The hardest part of all this will be the Loop-D-Loop. The track that I built had one, and it took me a /very/ long time to get this to work. But be patient! It is possible, I promise! Again, remember that the ball will always try to move in a straight line. Unfortunately, Loop-D-Loops require that the ball shift over to the side a bit (because it would be hard for the track to go through itself). The biggest problem you will probably have is that the ball will fall off the track and go to one side or the other. Just keep tweaking the track so that there's always some track in between the ball and where it's heading.

The other tough thing about Loop-D-Loops is that the ball has to be moved up, against gravity. This means that the ball has to be going very fast when it starts it. You can make sure this happens by making a tall hill in the track right before the Loop-D-Loop. Rolling down this will give the ball a lot of speed. Once you get the Loop-D-Loop to the point where the ball doesn't fall off to one side, it will probably just fall straight down from the top of the loop.
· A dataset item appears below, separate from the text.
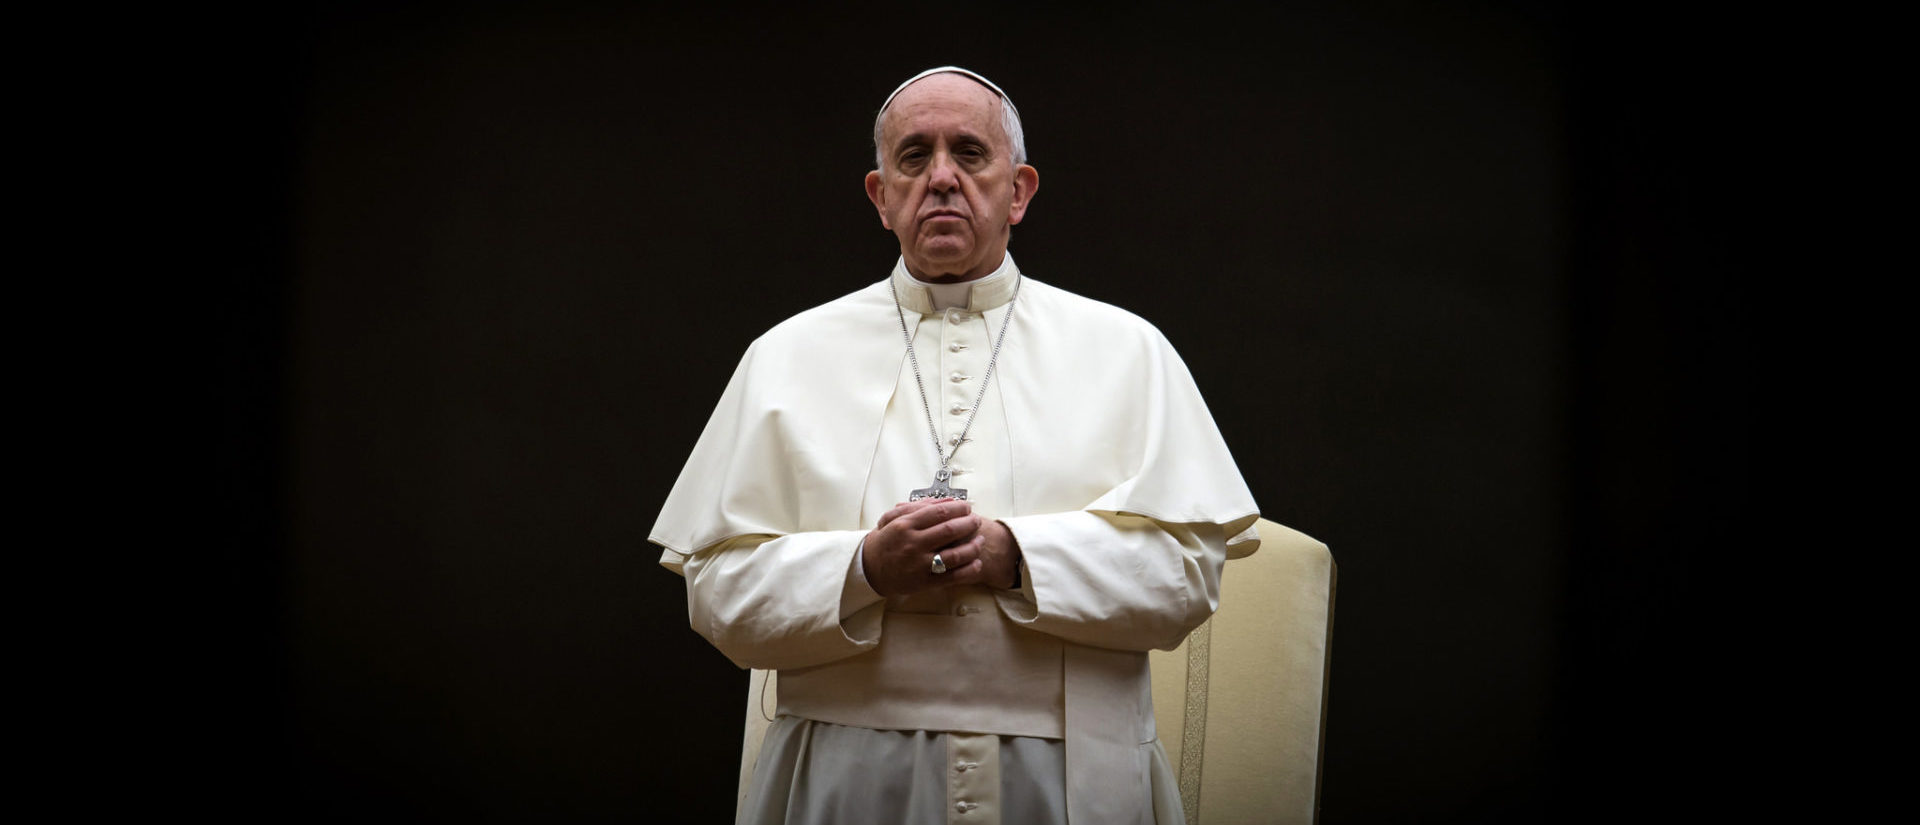 Le pape François a transmis ses condoléances | © flickr/catholicism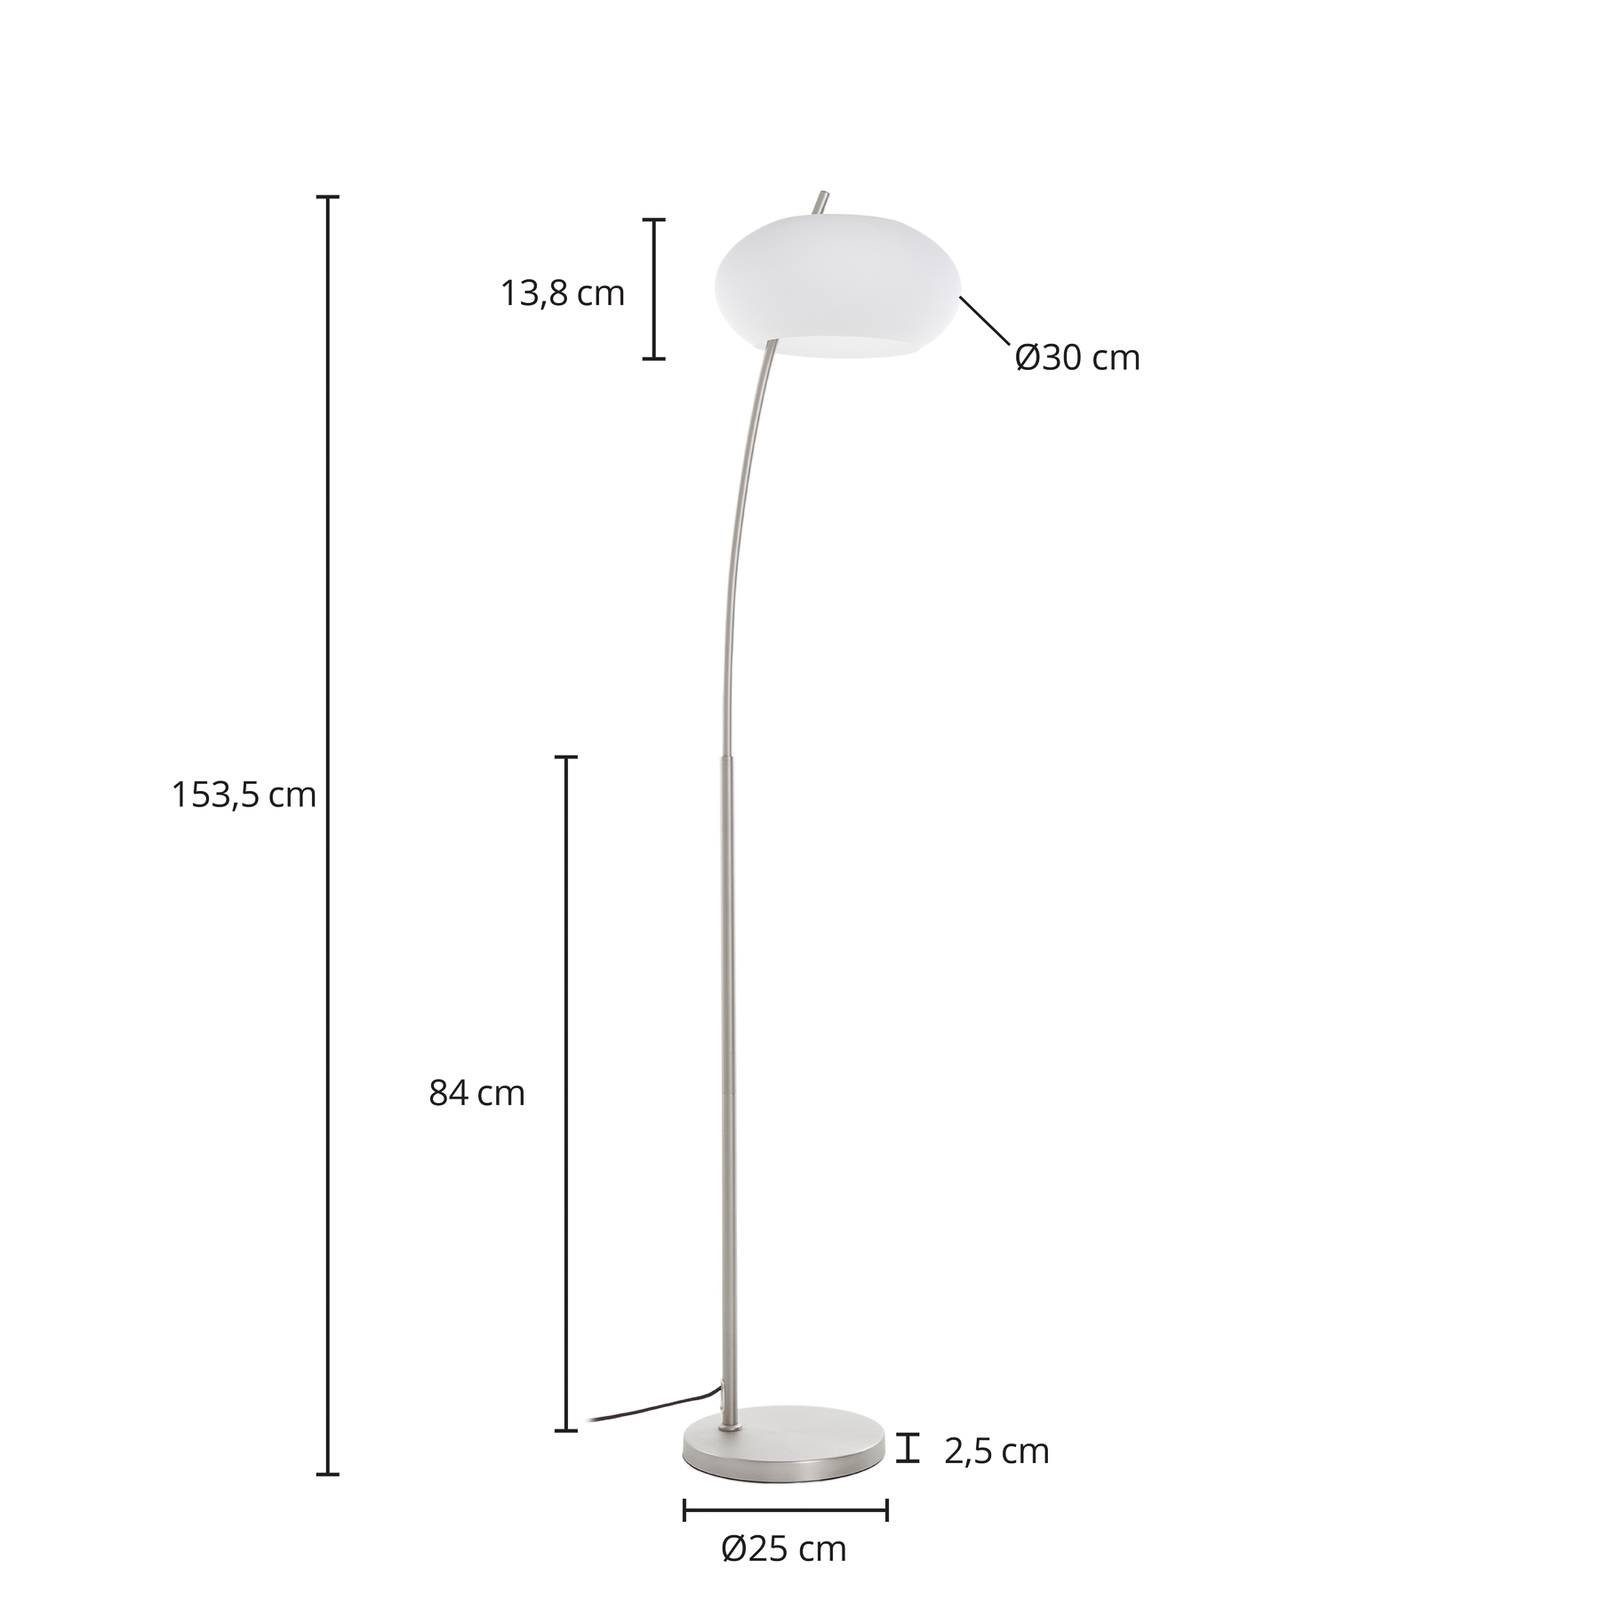 Lucande Stehlampe Sharvil, Leuchtmittel nicht inklusive, Design, Eisen, Glas, nickel matt, weiß, 1 flammig, E27, Design

If this happens, it means that the ball isn't going fast enough. So make the hill before it even taller.

Most importantly, be patient. I would be very surprised if your track works perfectly the first time. Just keep adjusting it until it does work. If there's a problem spot, you can run the ball through it over and over again until you've figured out how to fix it. Good luck!

-Tamara

(republished on 07/19/06)

Follow-Up #1: Roller Coaster Kits

Q:
Tamara, in the tennis ball enginering page, u talk about that rollercoaster with small metal balls. do u remember what the brand name of it was?
- bryan
A:
Bryan -

The kit that I had was the Spacewarp coaster kit made by a company called Bandai. I know that they don't make the Spacewarp kit anymore, but they may have other coaster kits. There's also a coaster kit made by K'nex that is supposed to be pretty good - and it would probably be a lot easier to find.